The Find My network can be used to find an iPhone after it is turned off, as thieves often do after stealing a phone. (If the device is on, it can be contacted through Find My iPhone, a similar service that uses the device’s internet connection and is older than the Find My network.)

Users can also opt out of Find My Network in Apple’s settings, although that means they won’t get the benefits of the network, such as finding devices that are turned off or not connected to cellular or Bluetooth. (To do this, go to Settings> Your Name> Find My> Find My iPhone> and turn Find My Network on or off.)

A huge, global network

The number of devices participating in the network is crucial for a product like AirTag.

Apple describes its Find My service as a “huge, global network” and allows third-party accessory manufacturers to release products that also use it.

If an AirTag is lost in the middle of a desert with no Apple devices within Bluetooth range, it will not be able to connect to the internet to send signals or update the user’s map. But in the middle of an American city, where an estimated 42% of people have iPhones – more in some areas – you’re much more likely to find a device looking for your lost AirTag.

Apple CEO Tim Cook has previously described Apple’s product strategy as “ Apple only, ” suggesting that because the company builds hardware, develops software, and operates its own online services, it may introduce features that rivals such as Microsoft, Google, or Samsung cannot. .

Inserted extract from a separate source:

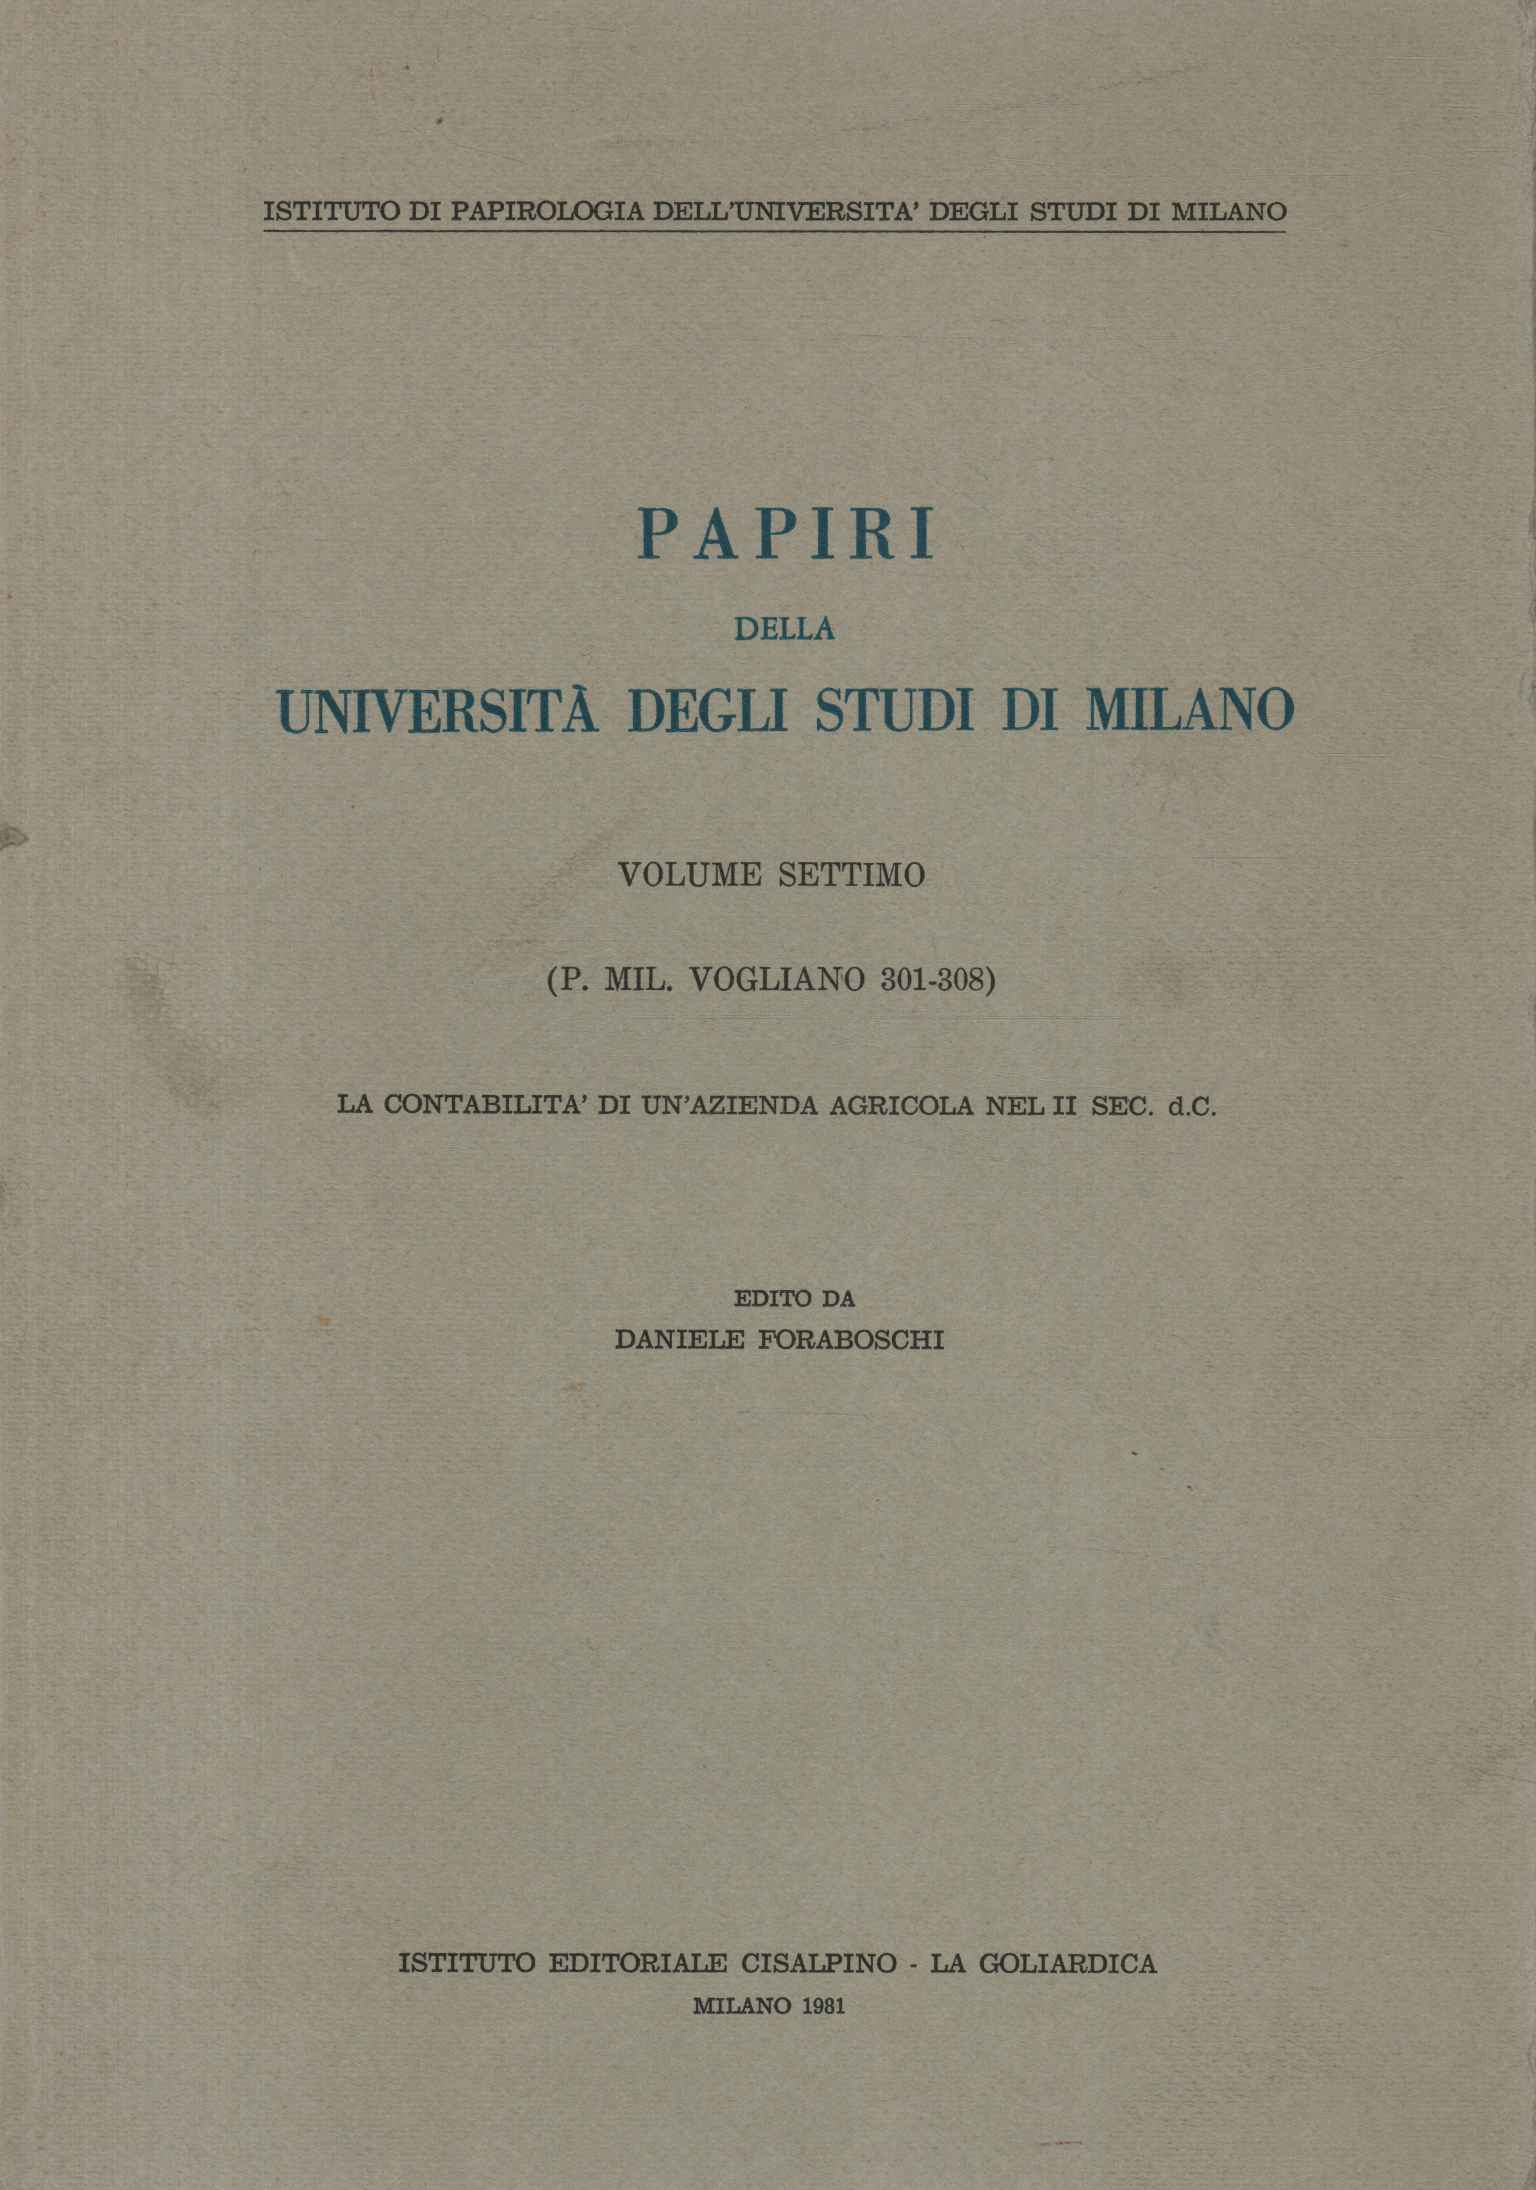 Papyri of the University of Studies%2,Papyri of the University of Studies%2

While Samsung or other major smartphone vendors own a similar number of phones, they have no control over the underlying operating system, making features like Find My much more difficult to deploy on a large scale all at once.

For Apple, AirTag is likely an attempt to add distinctive features to its iPhone to discourage current users from switching to an Android device. It’s probably not a major source of income.

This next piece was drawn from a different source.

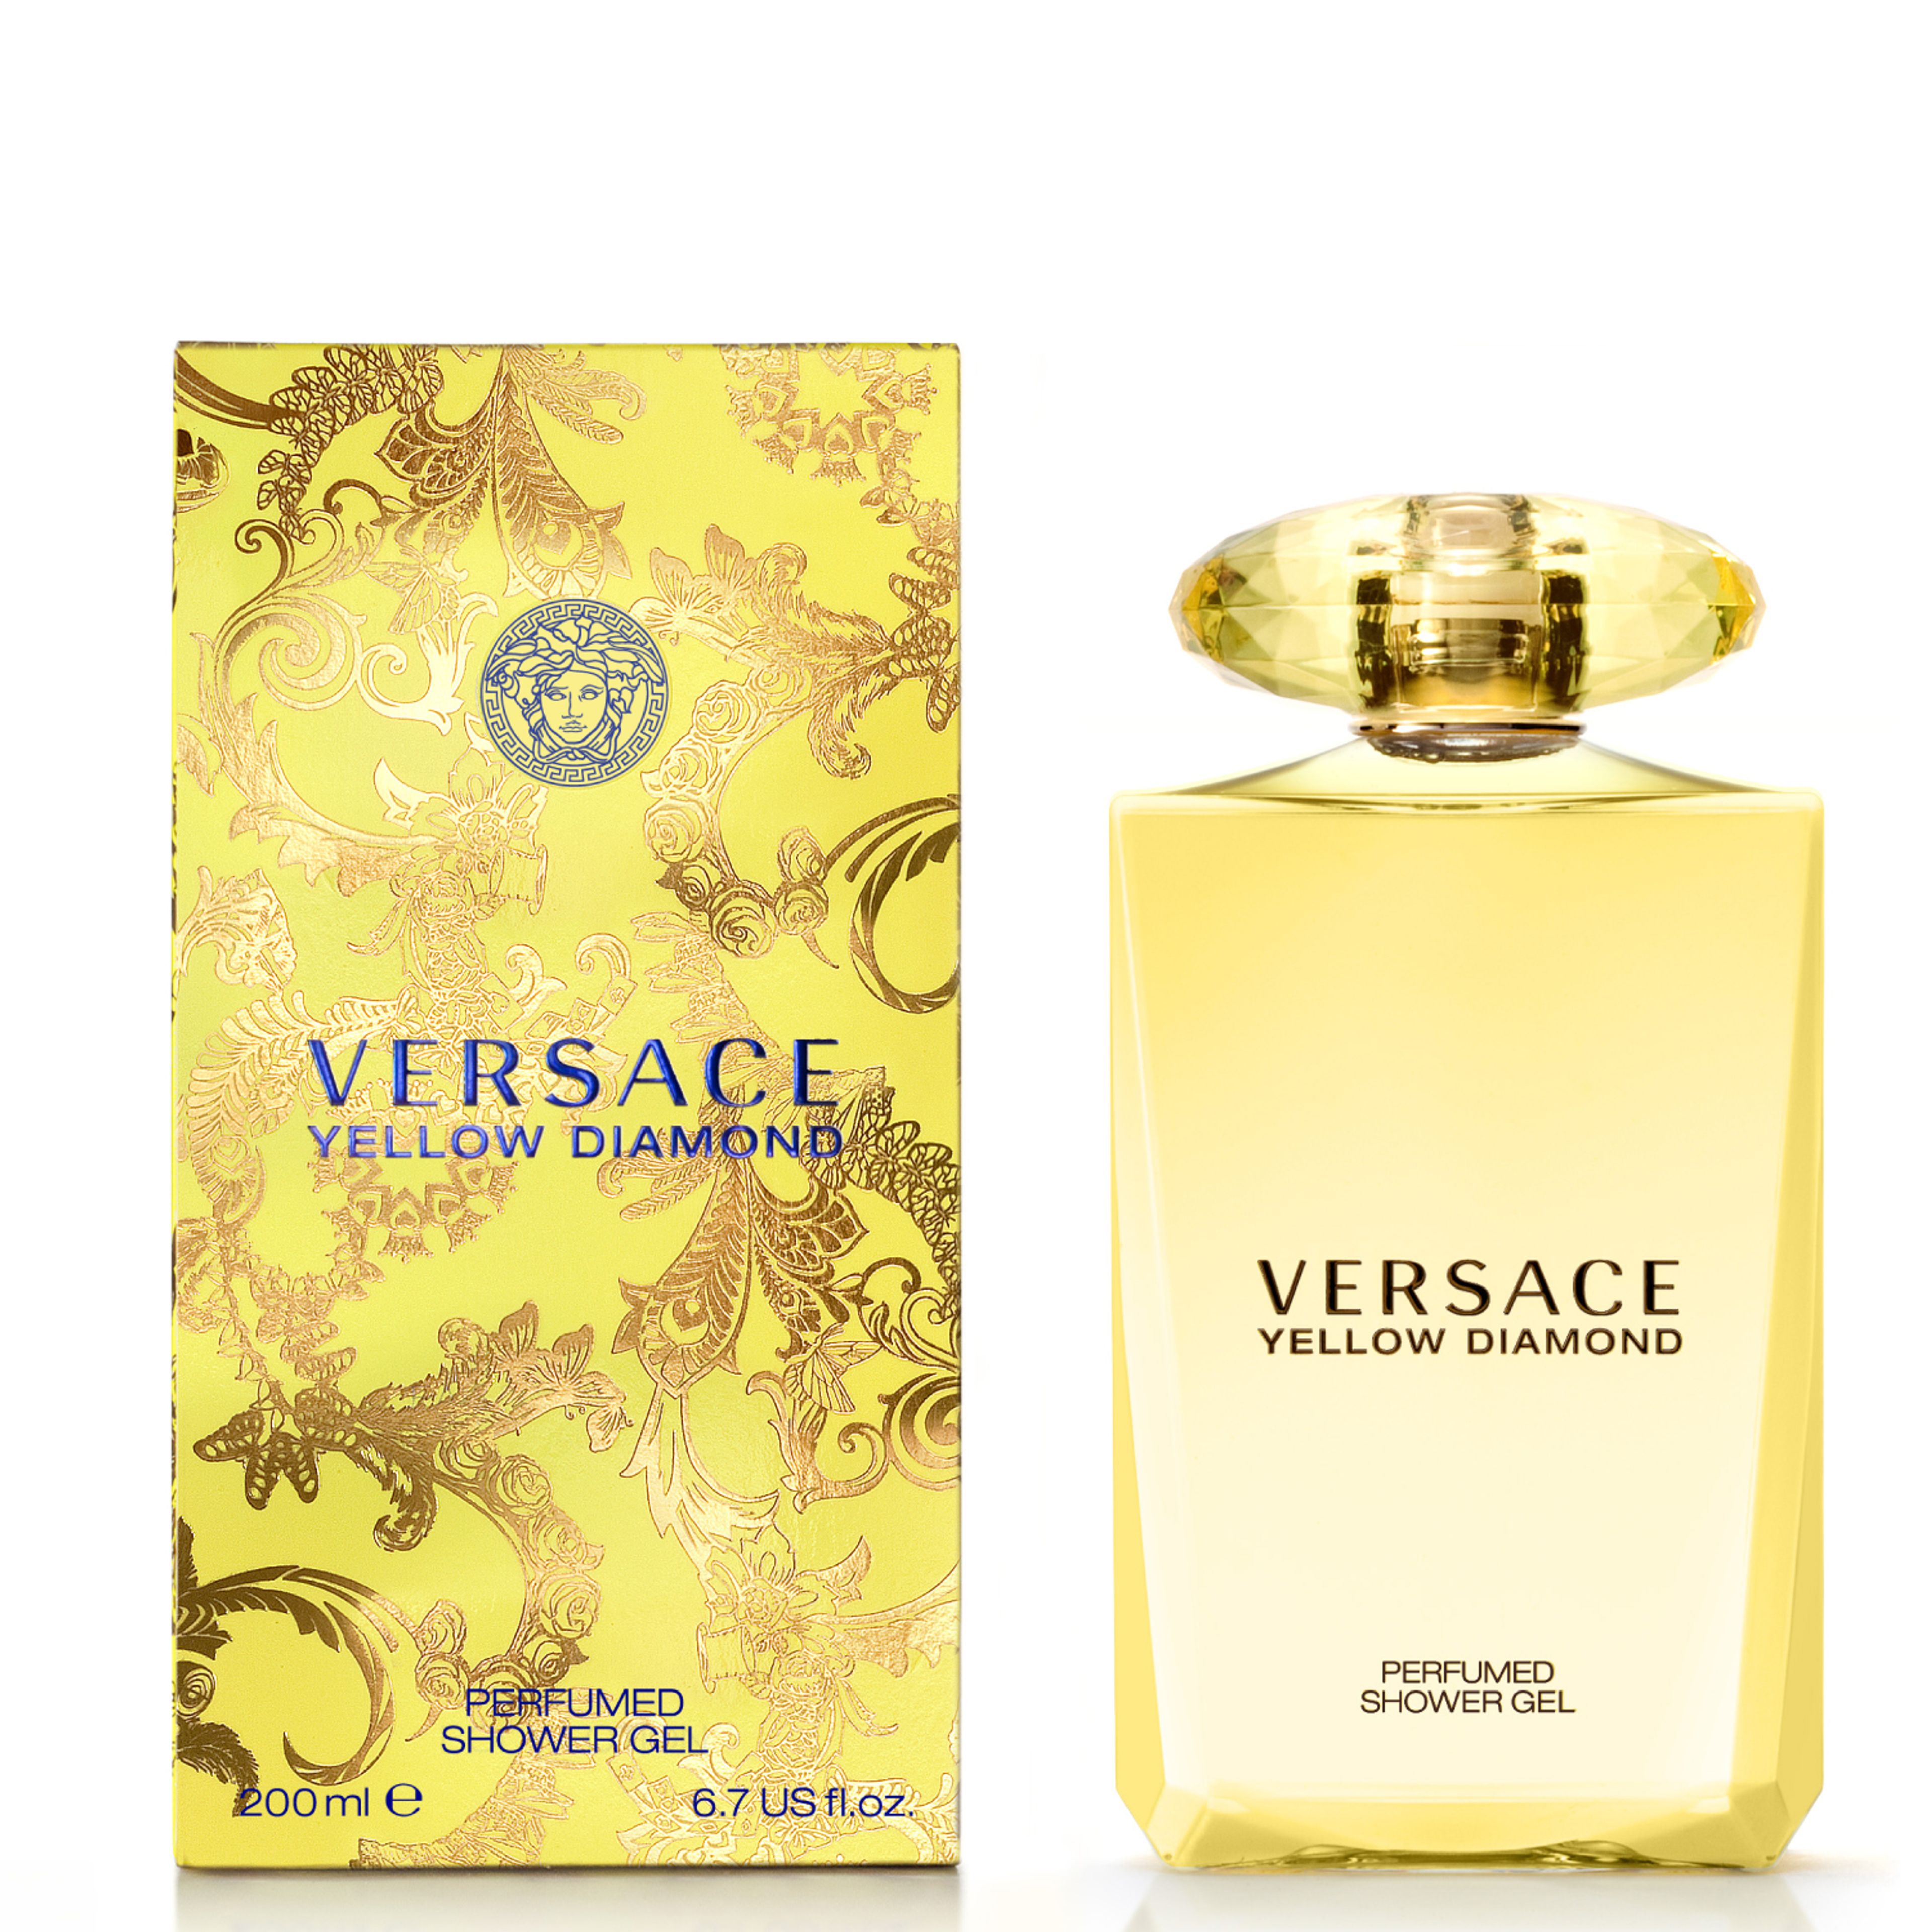 Versace Yellow Diamond Perfumed Shower Gel 1

“While the Airtags are incremental to our model, we don’t believe that even a very successful launch of that product will have much impact on our forecasts given the low $ 29 price,” Goldman Sachs analyst Rod Hall wrote in a Tuesday. note.

As Apple becomes more proficient at using the installed devices as a privacy-sensitive infrastructure, it could be a sustainable benefit to the business. The number of installed iPhones from Apple could become especially important as it invests heavily in augmented reality, a technology that blends the physical and digital worlds.

A network of location-aware iPhones could be used in augmented reality apps like Pokemon Go, for example, to determine where other players compete and start a group experience. It provides the sensors and internet connection needed to build real-world digital experiences without having to build new equipment every time.

The privacy corner

AirTag is also an important test of Apple’s privacy positioning.

Since 2015, Apple has advertised privacy and security as key differentiators for its iPhone. It has consistently built systems, such as Covid tracking exposure reports, that are decentralized, meaning they are designed to process and calculate data on a device, rather than servers that Apple can access.

Apple builds on that reputation to assure customers that the Find My system will not leak user location or data when acting as a search device. Apple says the Find My network keeps location data private and anonymous, and it doesn’t store location data or history.

How Apple does it is a matter of complicated software engineering. “Find My is built on advanced public key cryptography,” said Apple’s security disclosure.

Now, Apple users will have to decide whether they understand and trust the Find My network and Apple – both as users of it and as iPhone users who participate in it, in order to make them work better.